Подъезжая к вокзалу, трогал в кармане телефон, решая, кому позвонить, сказать об отъезде. Нити, что казались такими прочными и обязательными – предупредить Степана, поговорить с Альехо, извиниться, пообещав обязательно вернуться и сразу к нему; вызвонить Наташу, вдруг приедет, пока он…
Эти связи, размокнув от ночной крови, ползли, сырели и рвались, обвисая жалко. Не хотел. Никому не хотел. А значит, не надо. Усмехнулся углом ноющего рта, поднимаясь по эскалатору. Какие-то уроки уже усвоил, только пока не понять, правильные ли. Споткнувшись о кривую улыбку, поспешно отвела взгляд встречная девушка, похожая на зимнего ангела в своей белой шубке и вязаной шапочке. И Витька сжал губы, мысленно ударил внутрь себя кулаком, не давая подняться вновь тому темному, что продлит его ухмылку, приклеит взгляд к светлым кудряшкам над шубкой. Или – не его взгляд? Но знал, если не остановить себя, ангел проснется ночью от слез.
Лицо ныло, стреляло в плече, плохо сгибалась в колене нога. Но внешне почти ничего и не видно. «Тварь постаралась», – подумал мельком и прогнал мысль, чтоб не вспоминать, как мягко скользило ночью по коже сухое длинное тело.
Телефон зазвонил сам, когда Витька шел по гулкому серому полу к хвосту очереди в кассу. Не торопился доставать. Сначала занял очередь, отошел чуть в сторону. И приготовился слушать Степана. Тот не сказал много:
– Ты на улице?
Витька тоже говорить особо не стремился:
– Да.
– Газету купи.
– Какую?
– Любую. Московскую… Перезвонишь мне.
И отключился.
Витька стоял, отражаясь в ярких обложечках детективов и дамских романов. Смотрел на портрет Сеницкого, забыв про очередь. За спиной в широкие двери втекали, таща сумки и чемоданы, серые и черные люди. Обошла его, изящно изогнувшись, почти Лидочка – в короткой шубке и с ключиками на пальце. Напротив, утопая в жесткой шинели, как в фанерном шкафу, топтался милиционер.
– Степ?…
– Не знаю, не пойму я ничего, – неохотно сказал игрушечный голос напарника в нагретую дыханием трубку, – Тинка утром разбудила, ревет, икает. Сказала, в постели умер, утром нашли.
– Написано – аллергия какая-то…
– Да не было у него аллергии, бля! Она б знала! Это они про пятна…
– Какие пятна, Степ? – в горле шуршало и что-то вспухло, мешая говорить.

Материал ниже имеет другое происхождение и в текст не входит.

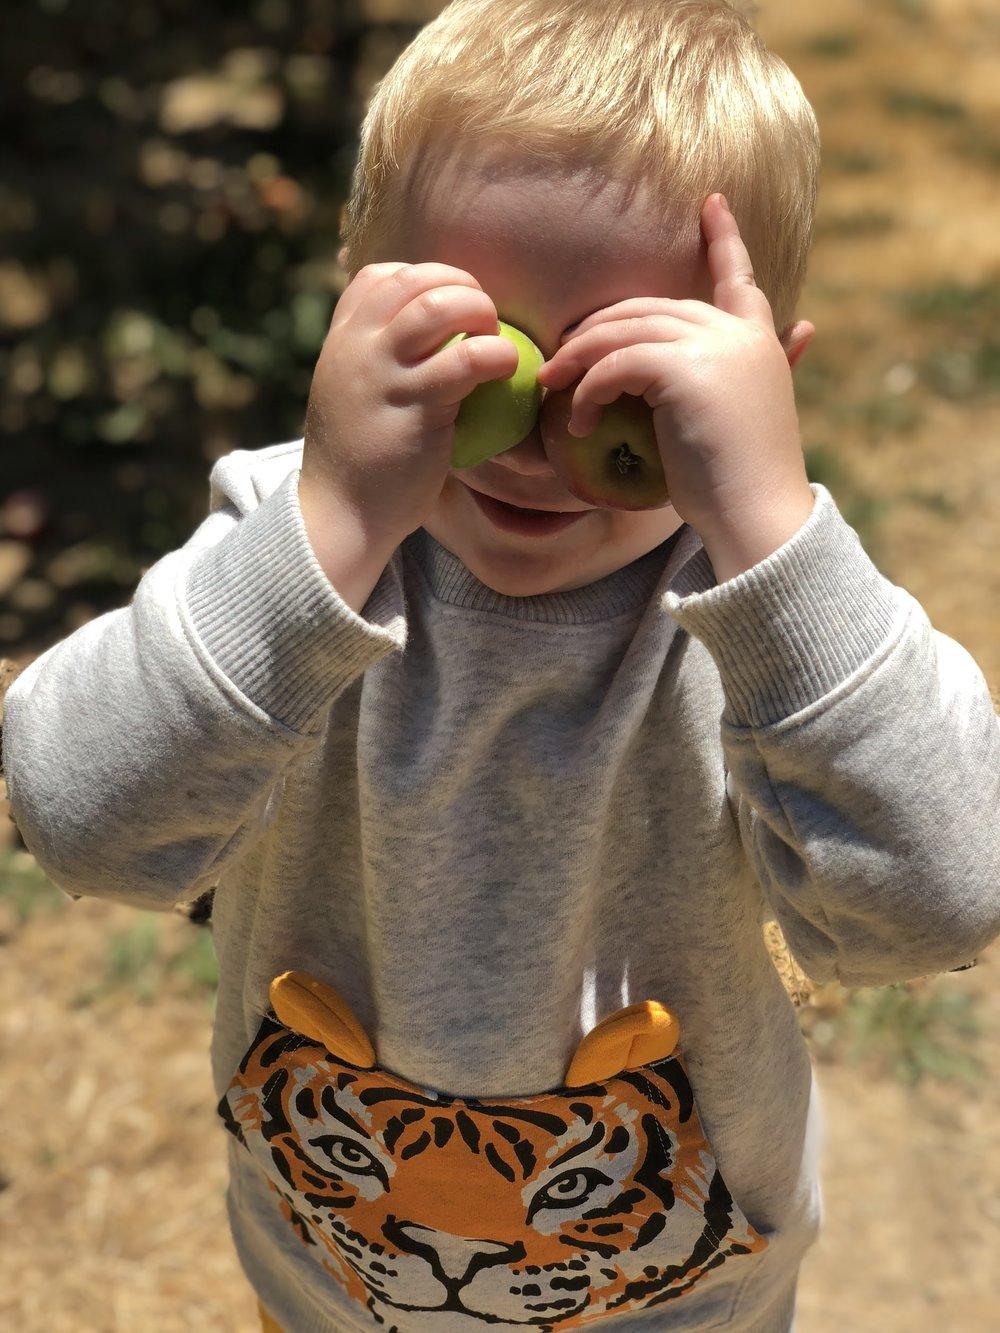 Picking Apples At Horse & Plow Sebastopol

– Хрен знает. Она сказала, вроде на животе все в пятнах и красные точки. Думали сперва укололся как-то странно, передоз. Но Тинка же знает, он здоровье берег, все время быть в форме хотел, типа. В общем, одни сплетни и ничего не ясно.
– Не ясно… – повторил Витька, смотря в упор, и не видя, как машет ему неуклюжая тетка, что уже перед окошком кассы.
– Ясно…
– Что тебе ясно? Я, брат, ничего не пойму!
– Степ, я перезвоню тебе.
Он отключился и долго жал на красную кнопочку, наблюдая, как гаснет экран. Сунул мертвую машинку в карман, и как раз успел – перед теткой.
Он не поехал через Киев. И к деду решил – не поедет.
Мама со своим зубником, красивая, сероглазая, всегда чуть встревоженная мама…
Немногословный дед, что все лето носил прореженные временем до ветхости семейные трусы и, напившись раз в месяц, обязательно уходил в море на старой рыбацкой лодке, просто так.